The BRICS leaders had donned brightly coloured sleeveless jackets, of a style made popular byIndia’s first post-independence leader Jawaharlal Nehru, for an informal dinner on Saturday evening.
They were due later on Sunday to hold an outreach session with leaders from a little-known group of countries from the Bay of Bengal region whose key attribute, from India’s point of view, is that Pakistan is not a member.
Modi’s hard line against Pakistan marks a departure from India’s tradition of strategic restraint, and New Delhi has won expressions of support from both the West and Russia over the army base attack.
Yet China, a longstanding ally of Pakistan that plans to build a $46 billion (£38 billion) export corridor, has shown public restraint.
Modi and President Xi Jinping also held a bilateral meeting on Saturday and the accounts of their conversation emerging from both sides pointed to key differences of opinion.
In one remark reported by the state Xinhua news agency, Xi said that China and India should “support each other in participating in regional affairs and enhance cooperation within multilateral frameworks”.
The dispatch went on to refer to the South Asian Association for Regional Cooperation (SAARC).

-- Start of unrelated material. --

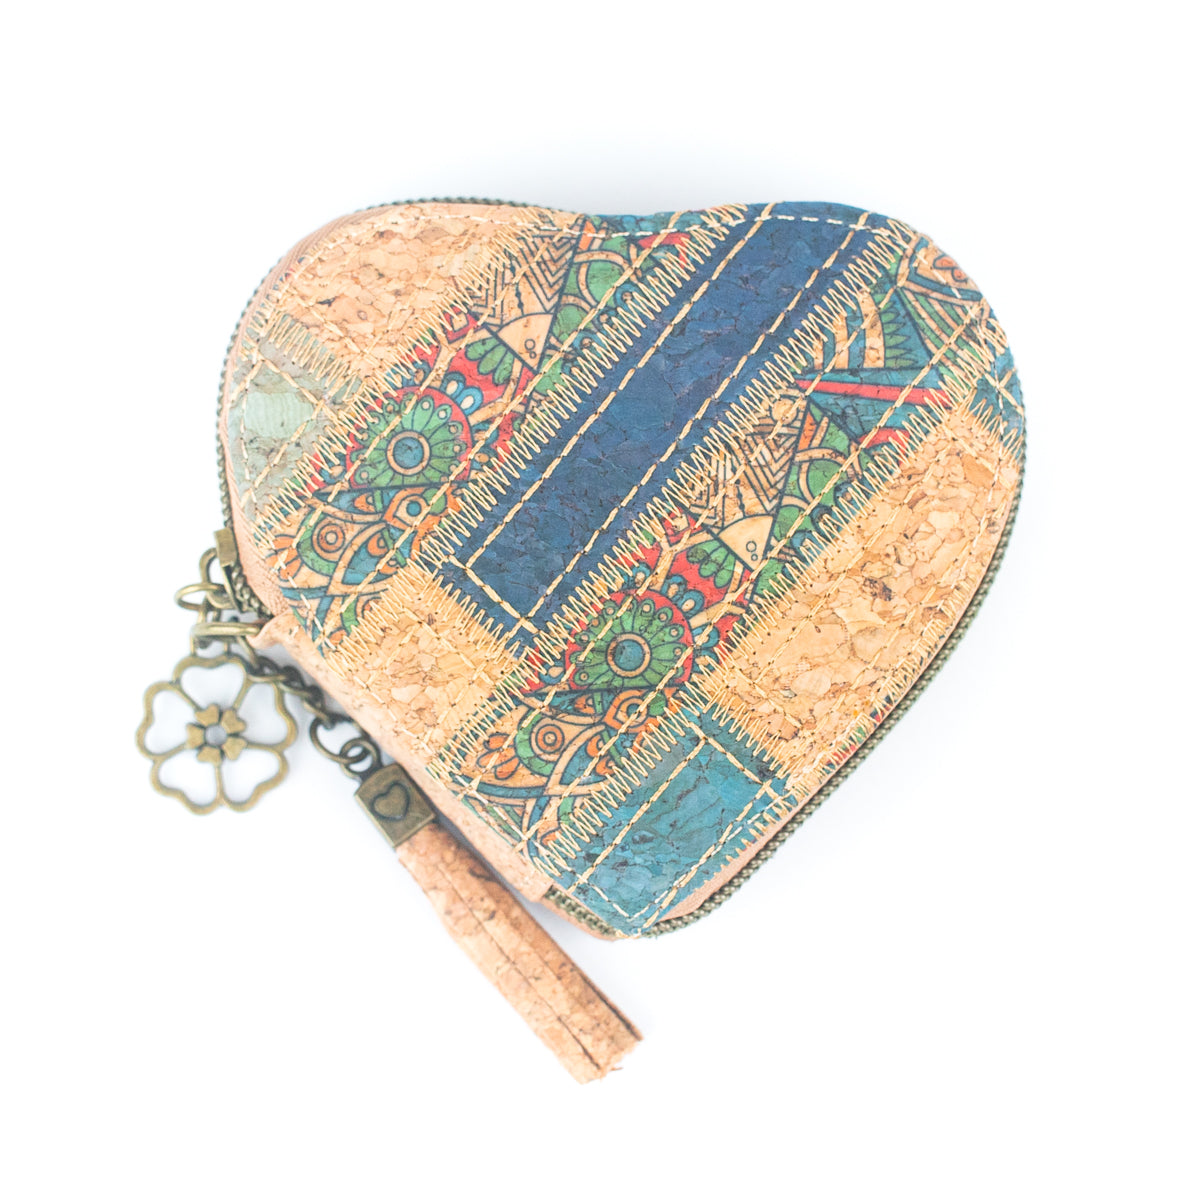 High Qulaity PU Leather Heart Shape Coin Purse at Rs 105/piece | Andheri  West | Mumbai | ID: 14053858662

This grouping includes Pakistan, which was to have hosted a summit in November that collapsed after India and other members pulled out.
The final BRICS summit declaration was expected to repeat earlier condemnations of “terrorism in all its forms”, say diplomats and analysts, but avoid levelling blame over tensions between India and Pakistan.
“Modi is aware that such language wouldn’t get the consensus necessary to make it into the final communique. Including it in his speech ensures it gets wide circulation anyway,” said South Asia expert Shashank Joshi.
“So far, we haven’t seen any indication at all that China is softening its public support for Pakistan. India did not expect differently,” added Joshi, a senior research fellow at the Royal United Services Institute in London.